On September 12, 2012, the National Association of Insurance Commissioners (NAIC) amended Actuarial Guideline XXXVIII (AG 38), as proposed by a Joint Working Group of the Life Insurance and Annuities (A) and the Financial Condition (E) Committees. AG 38 provides guidelines for setting reserves on universal life products with secondary guarantees (ULSG), and the amendment process was precipitated by conflicting views regarding whether some insurers’ ULSG reserving methodologies provided an unfair advantage. The amendments are intended to provide a “level playing field.”
The AG 38 amendments take effect January 1, 2013, and for business in force prior to then, AG 38 requires that insurers use a form of principles-based gross premium reserving. For business written starting on that date, insurers must apply a reserving methodology similar to that outlined in an August 22, 2011 statement published by the NAIC’s Life Actuarial Task Force (available on the NAIC website). AG 38 provides for regulatory oversight through detailed actuarial memoranda requirements, including review of insurers’ reserving methodologies by the NAIC’s Financial Analysis Working Group (FAWG).
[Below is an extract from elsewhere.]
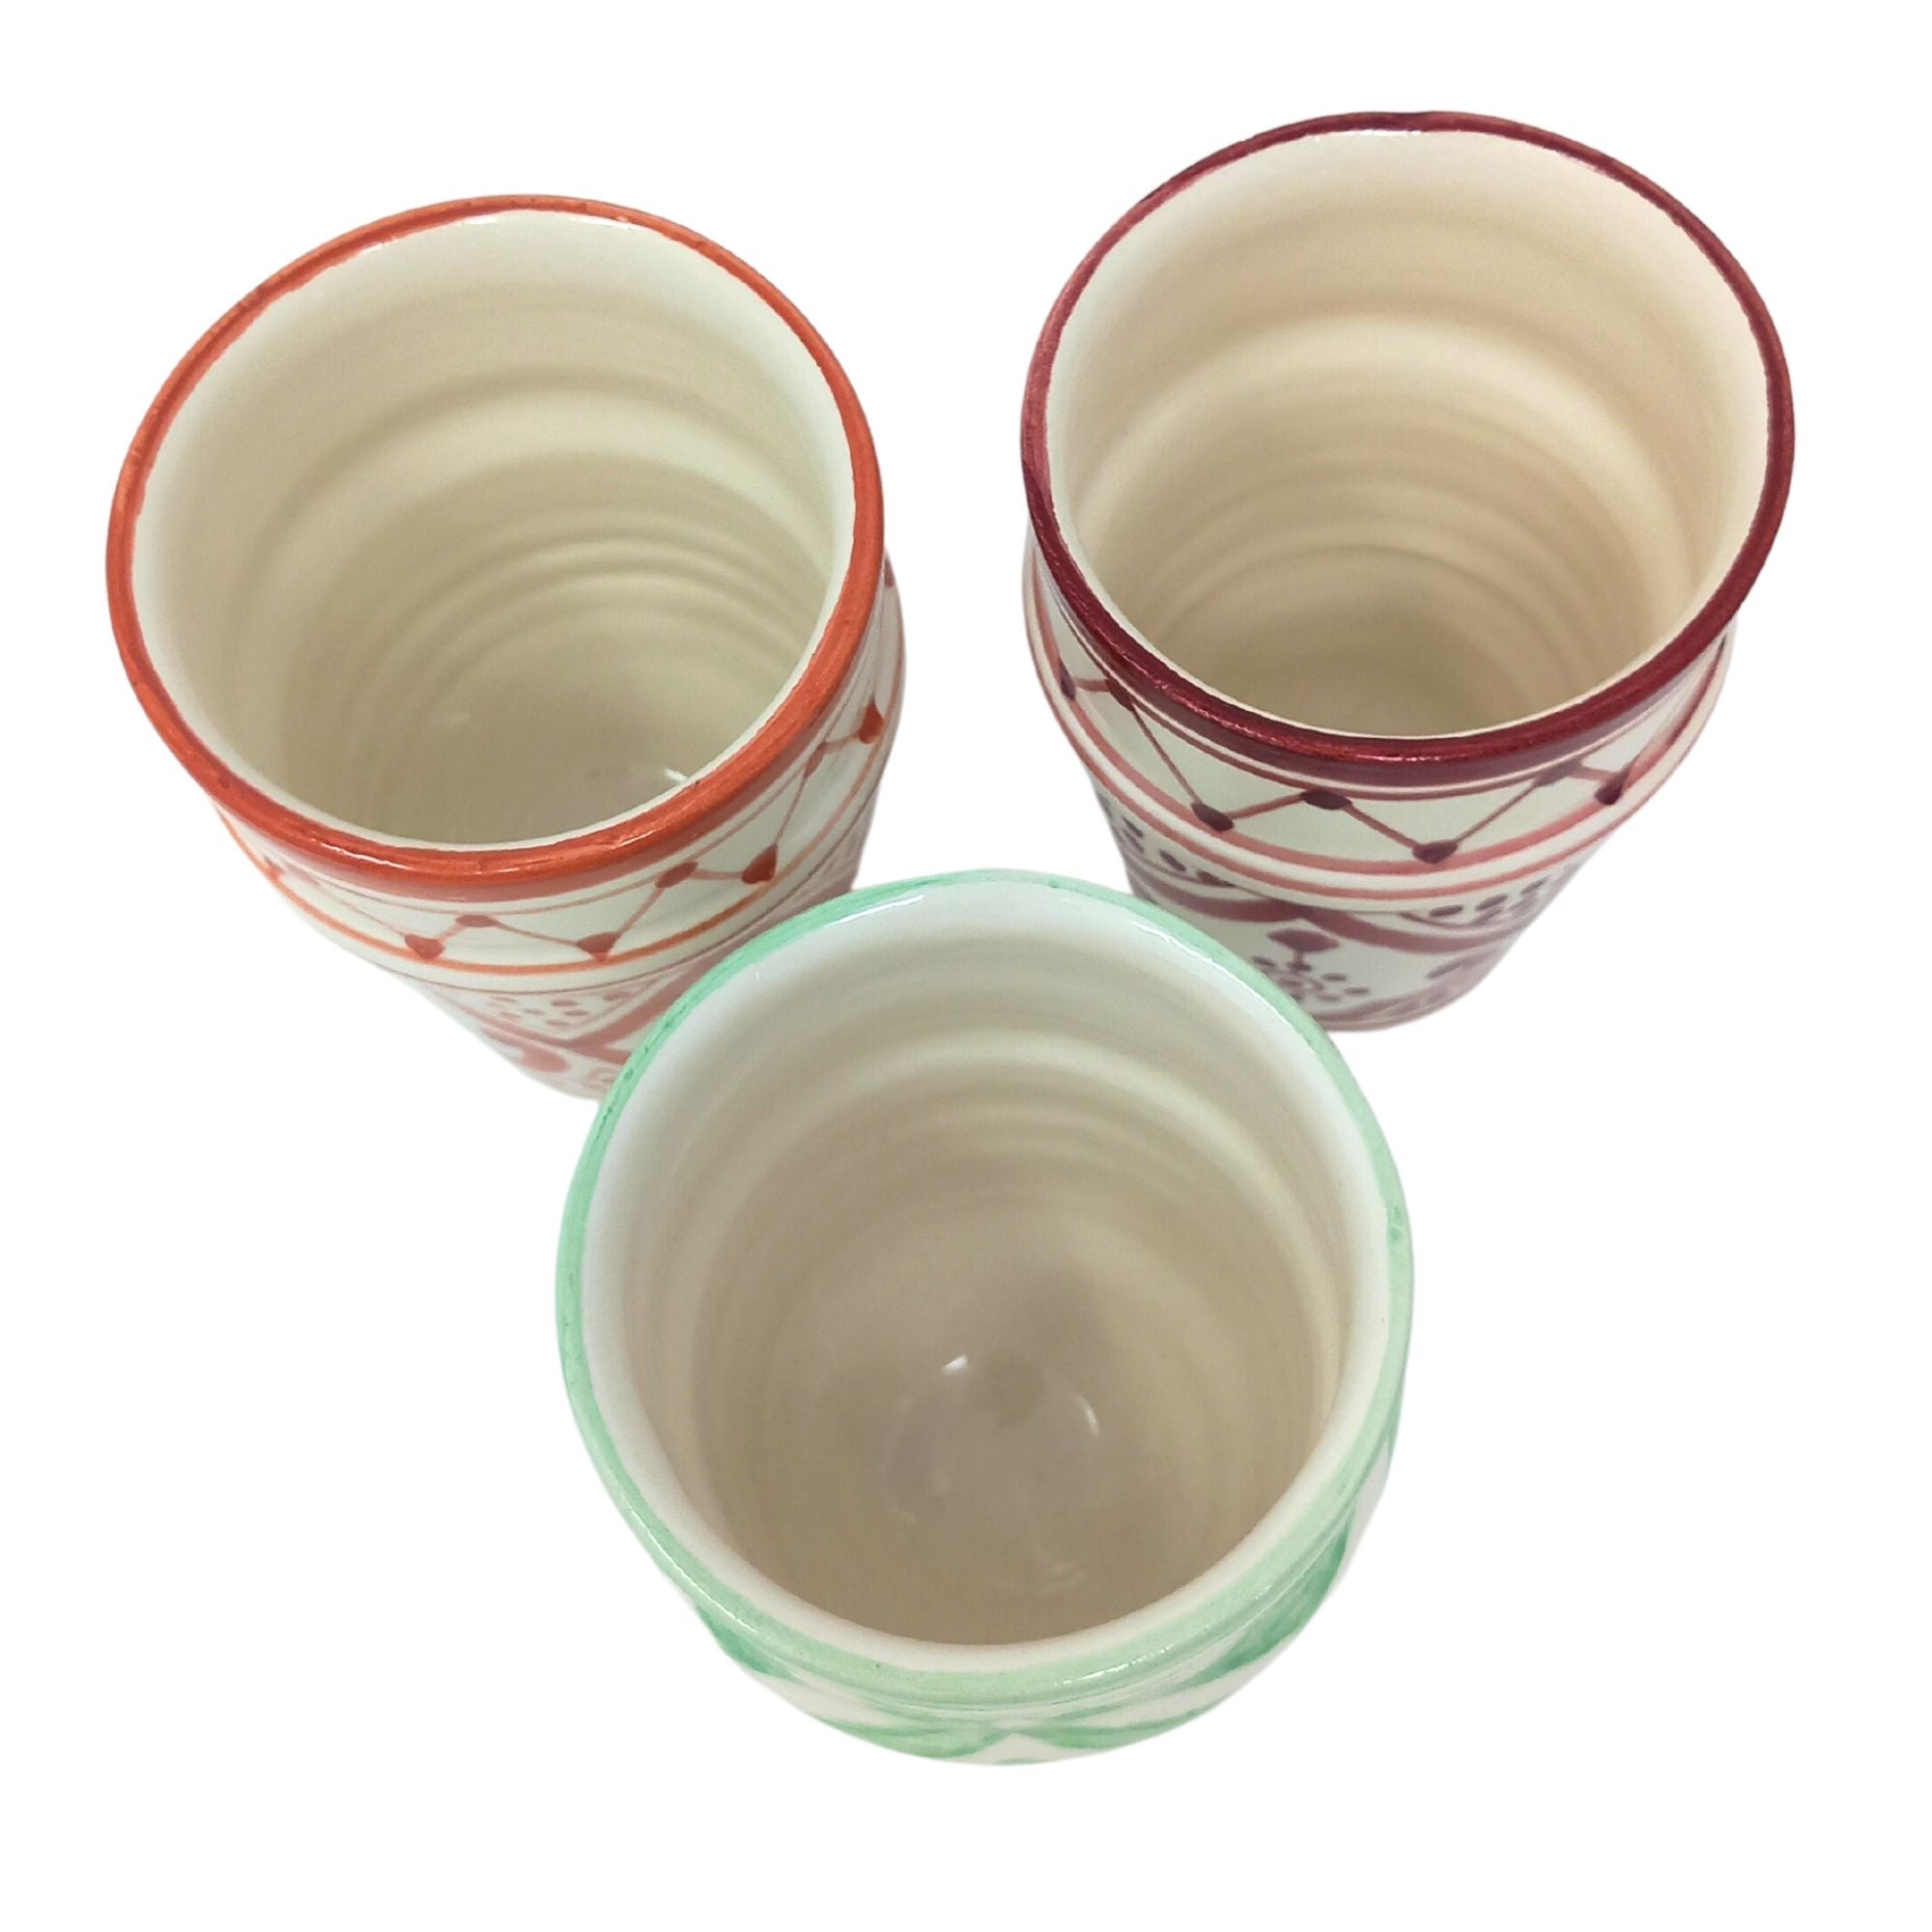 top view picture of handcrafted ceramic mugs in three colours: orange, mint green and burgundy red

In response to industry concern that this would transform the NAIC into a regulatory entity, the Working Group’s Chairperson assured the NAIC’s Executive and Plenary Committees that the amendments did not provide the NAIC with regulatory oversight authority, but instead simply served to ensure uniformity because FAWG is comprised of regulators from numerous states who can provide consistent resolutions to issues.
Given the impending January 1, 2013 effective date and the likelihood that some insurers will be refiling ULSG products before then, the Working Group encourages regulators to process such filings on an expedited basis.